● WORK REQUEST: Take the material below and extract the lines from the one with "Lady's red shoes" through the one with "A grounded Air Canada airplane", word for word, without pictures.

● DATA PROVIDED:

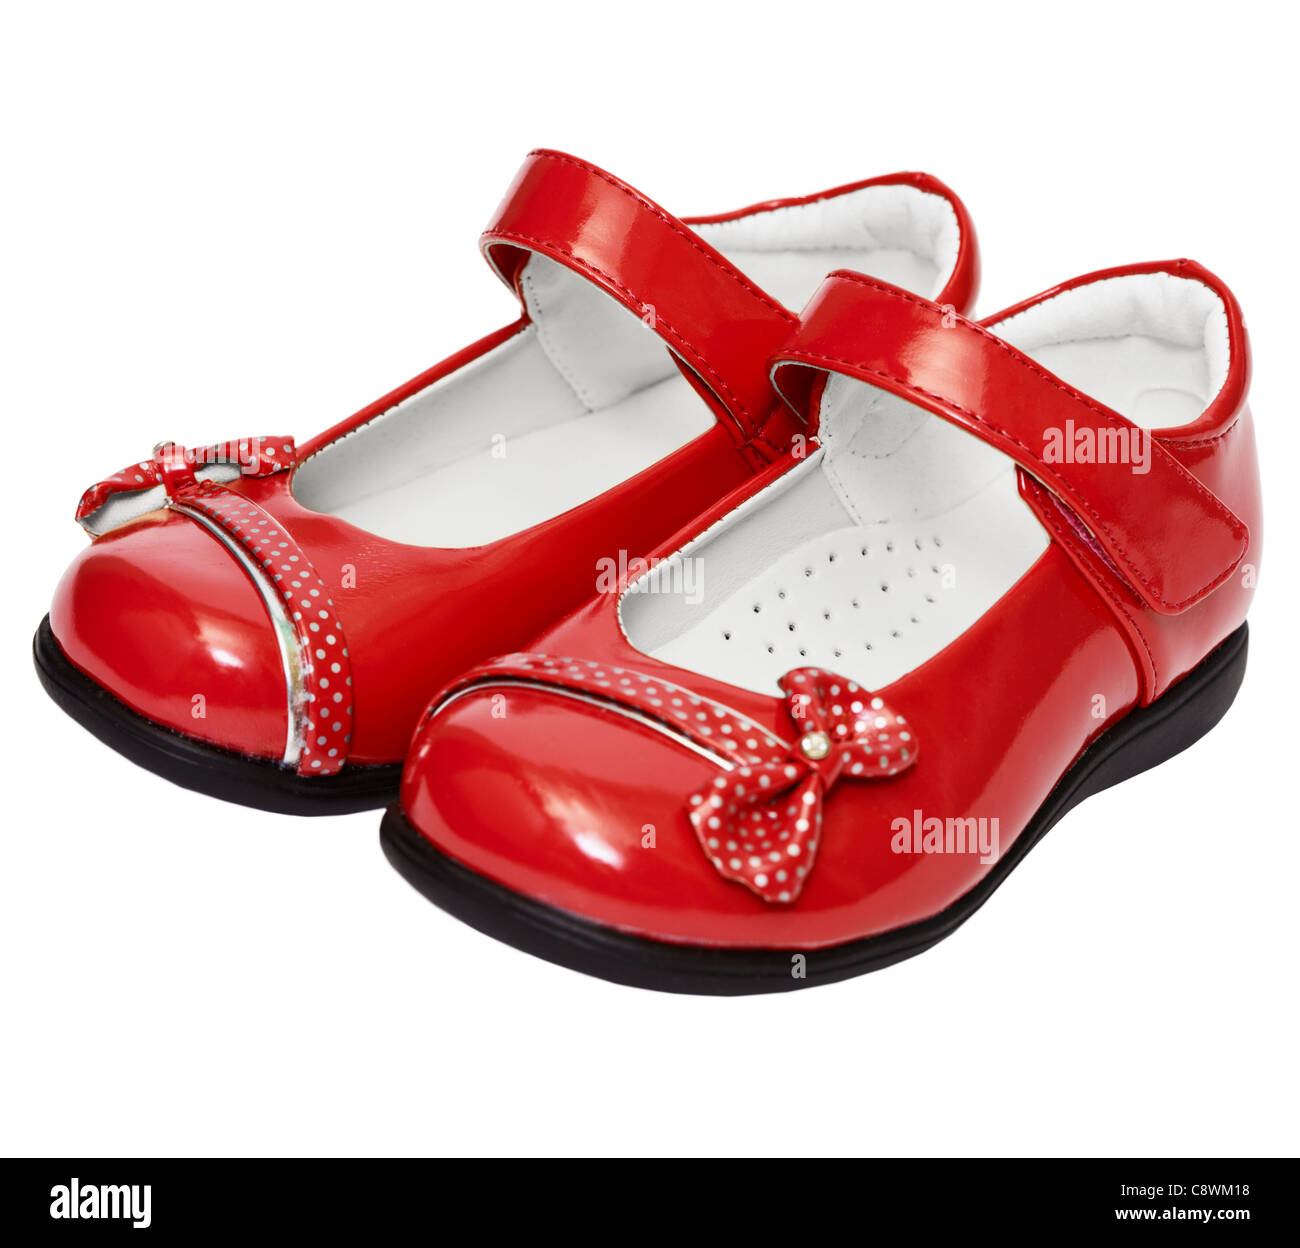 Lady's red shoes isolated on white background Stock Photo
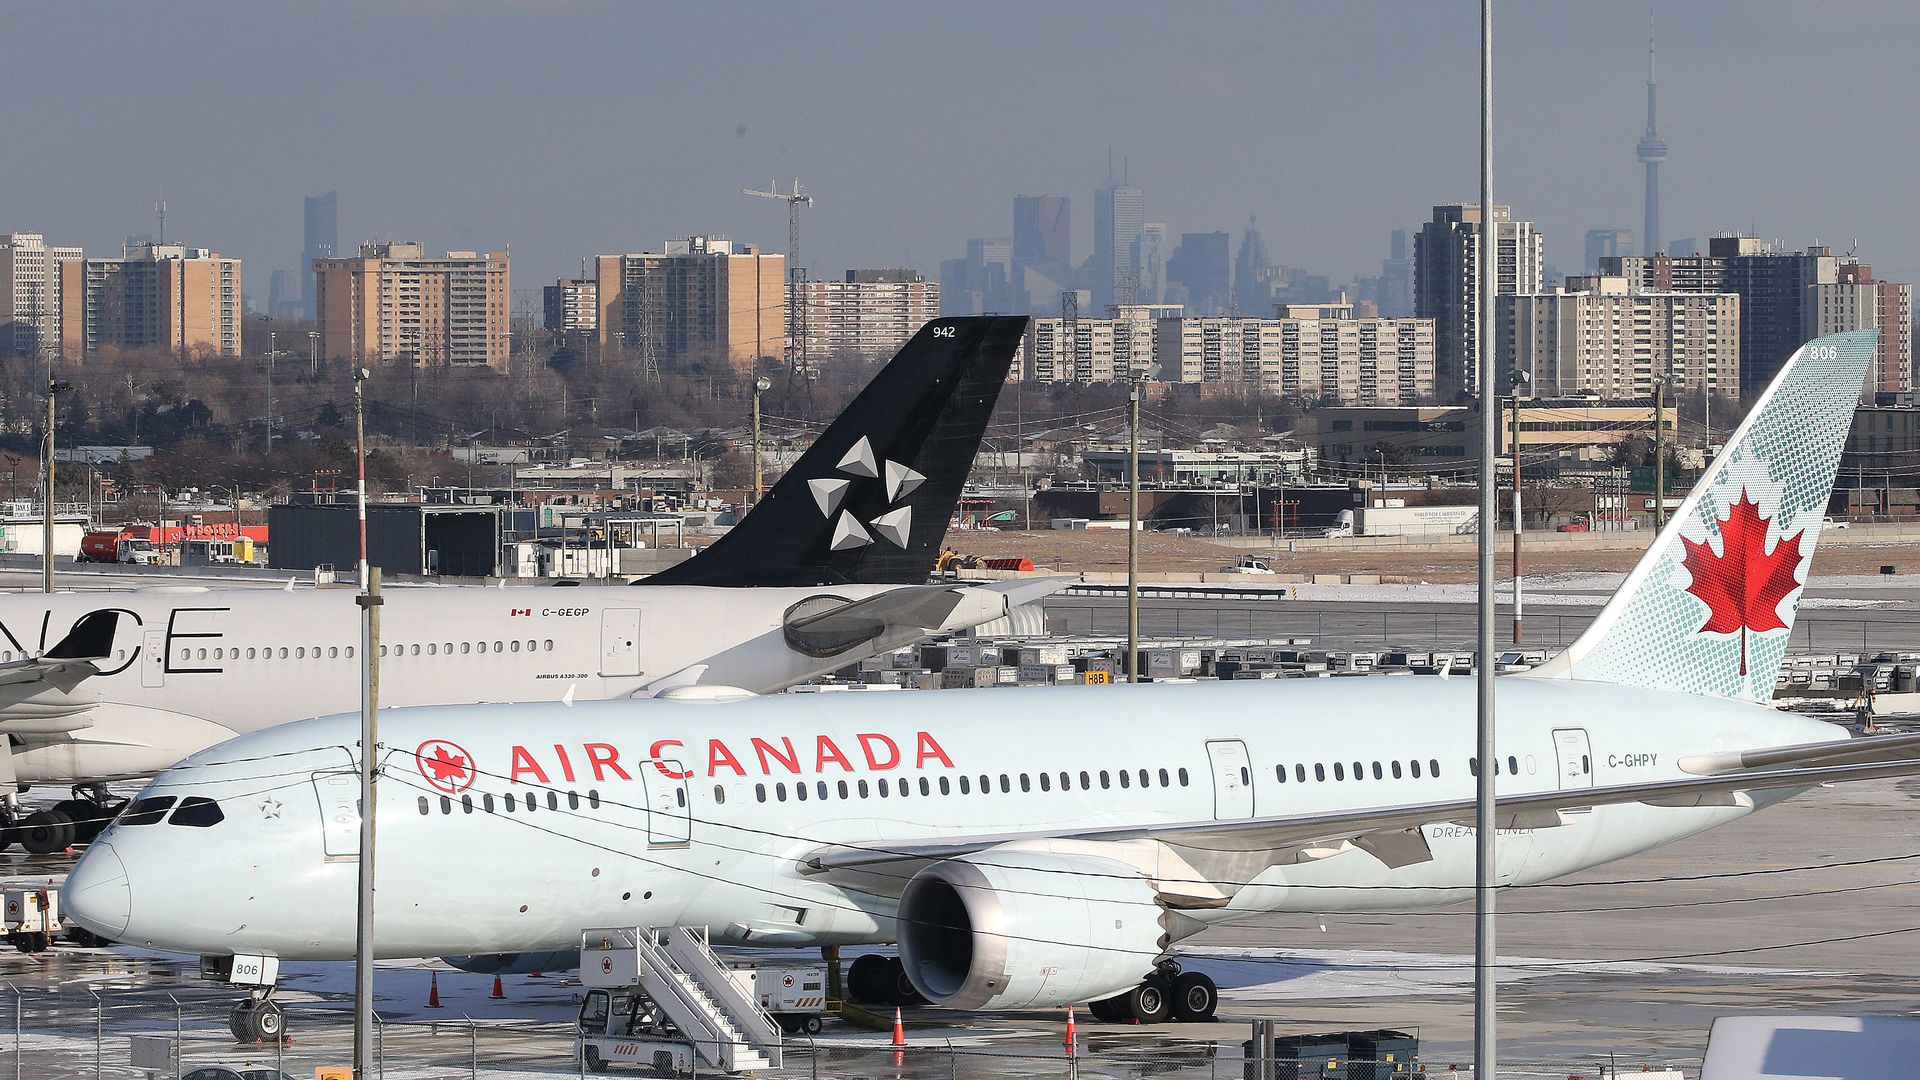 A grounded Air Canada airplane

* * *

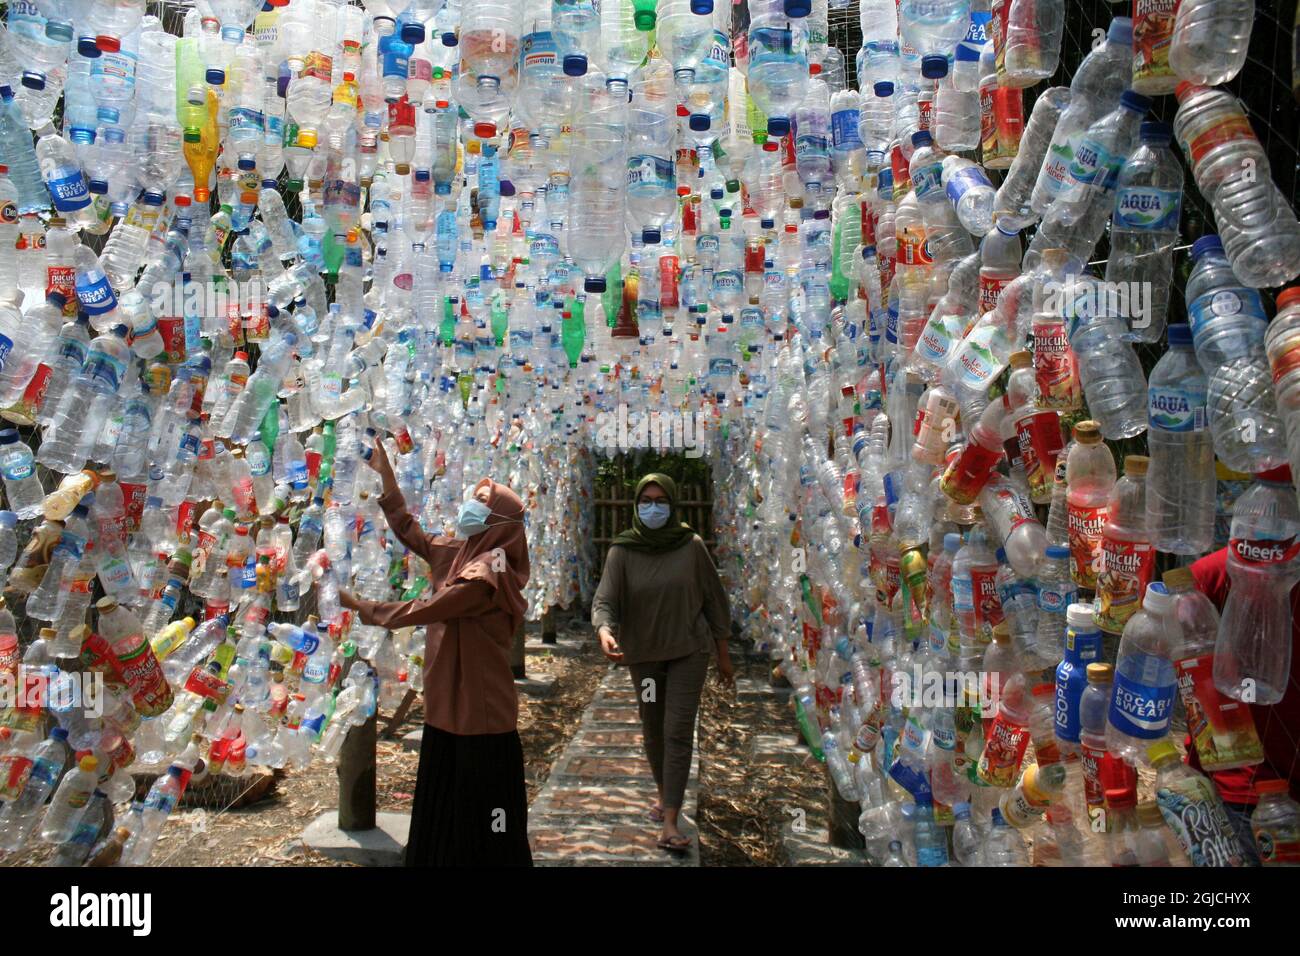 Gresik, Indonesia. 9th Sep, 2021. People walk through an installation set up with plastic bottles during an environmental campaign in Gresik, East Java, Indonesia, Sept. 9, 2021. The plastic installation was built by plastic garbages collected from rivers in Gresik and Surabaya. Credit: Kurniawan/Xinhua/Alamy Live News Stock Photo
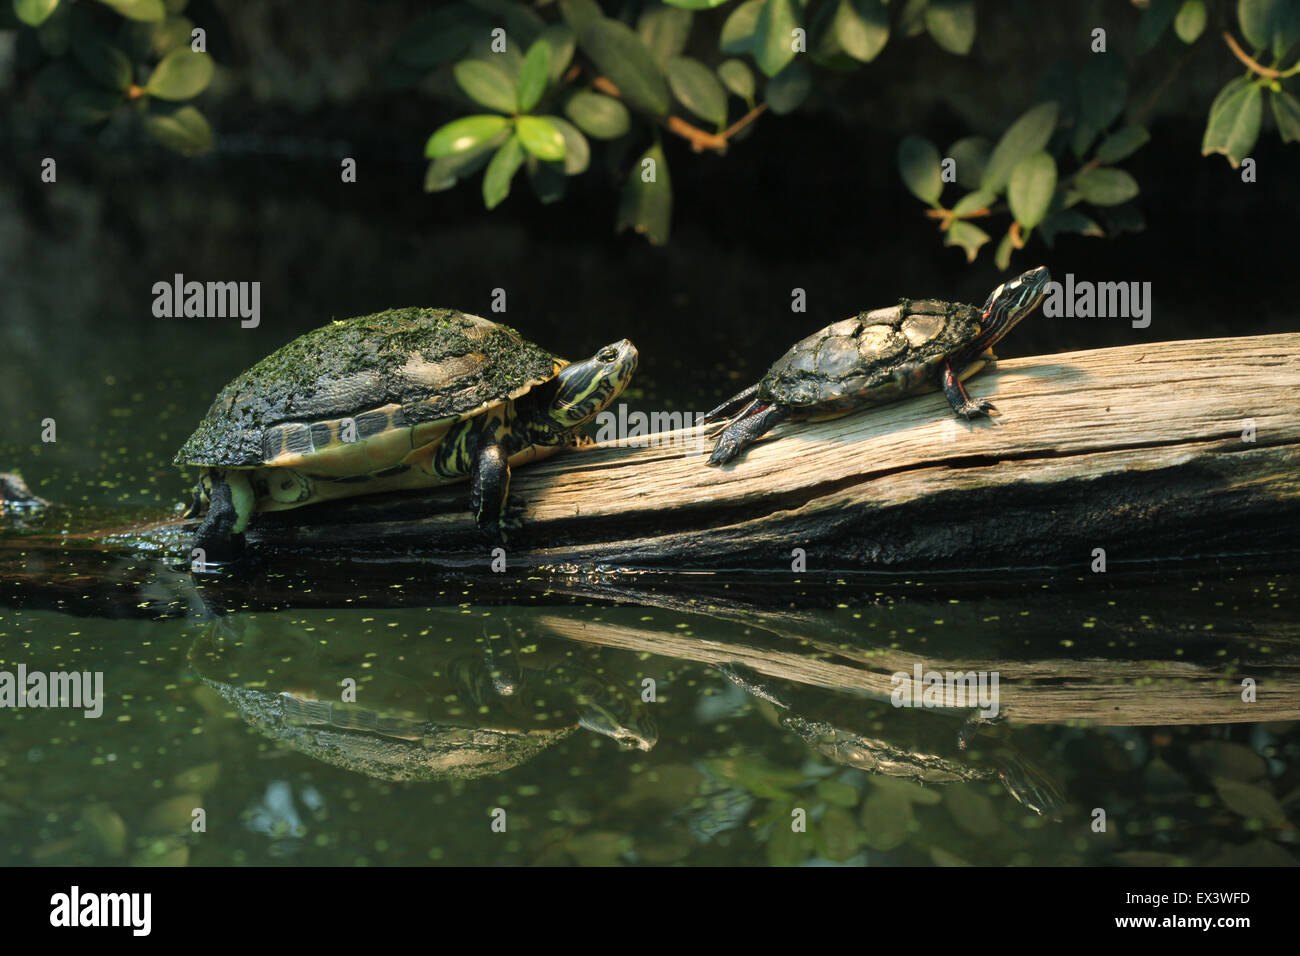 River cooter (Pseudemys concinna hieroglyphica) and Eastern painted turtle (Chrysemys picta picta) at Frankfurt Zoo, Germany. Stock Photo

...

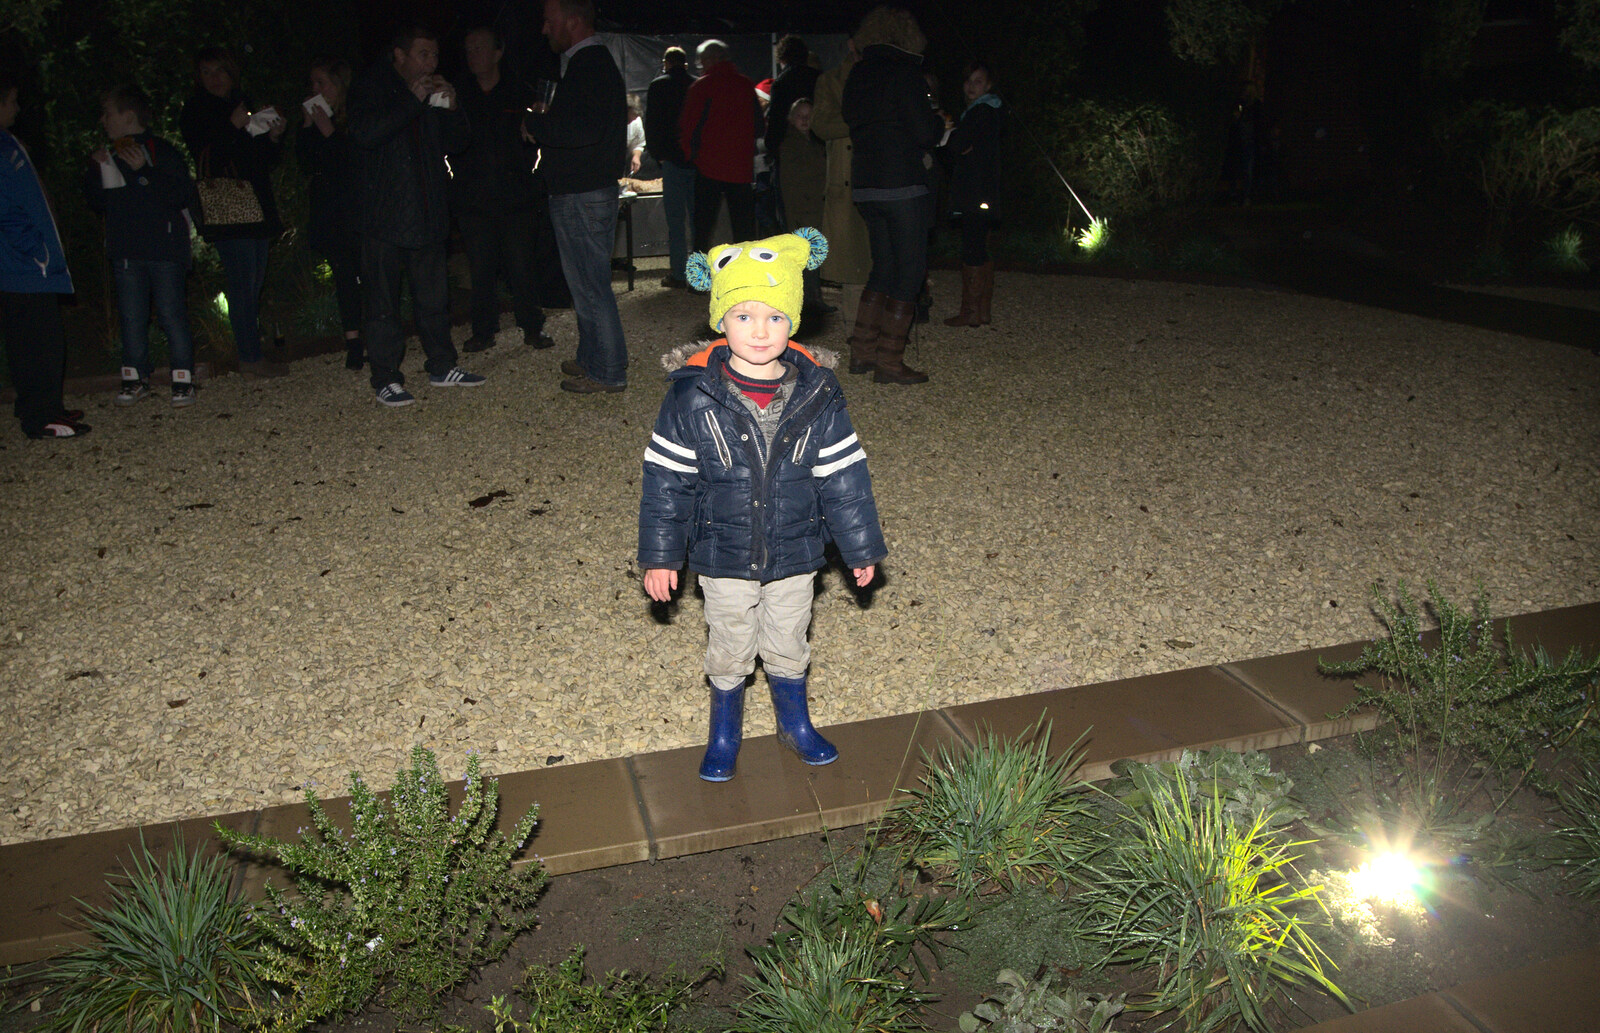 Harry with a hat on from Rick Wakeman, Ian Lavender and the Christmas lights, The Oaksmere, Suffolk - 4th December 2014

● WRITTEN SOLUTION:
 Lady's red shoes isolated on white background Stock Photo
 A grounded Air Canada airplane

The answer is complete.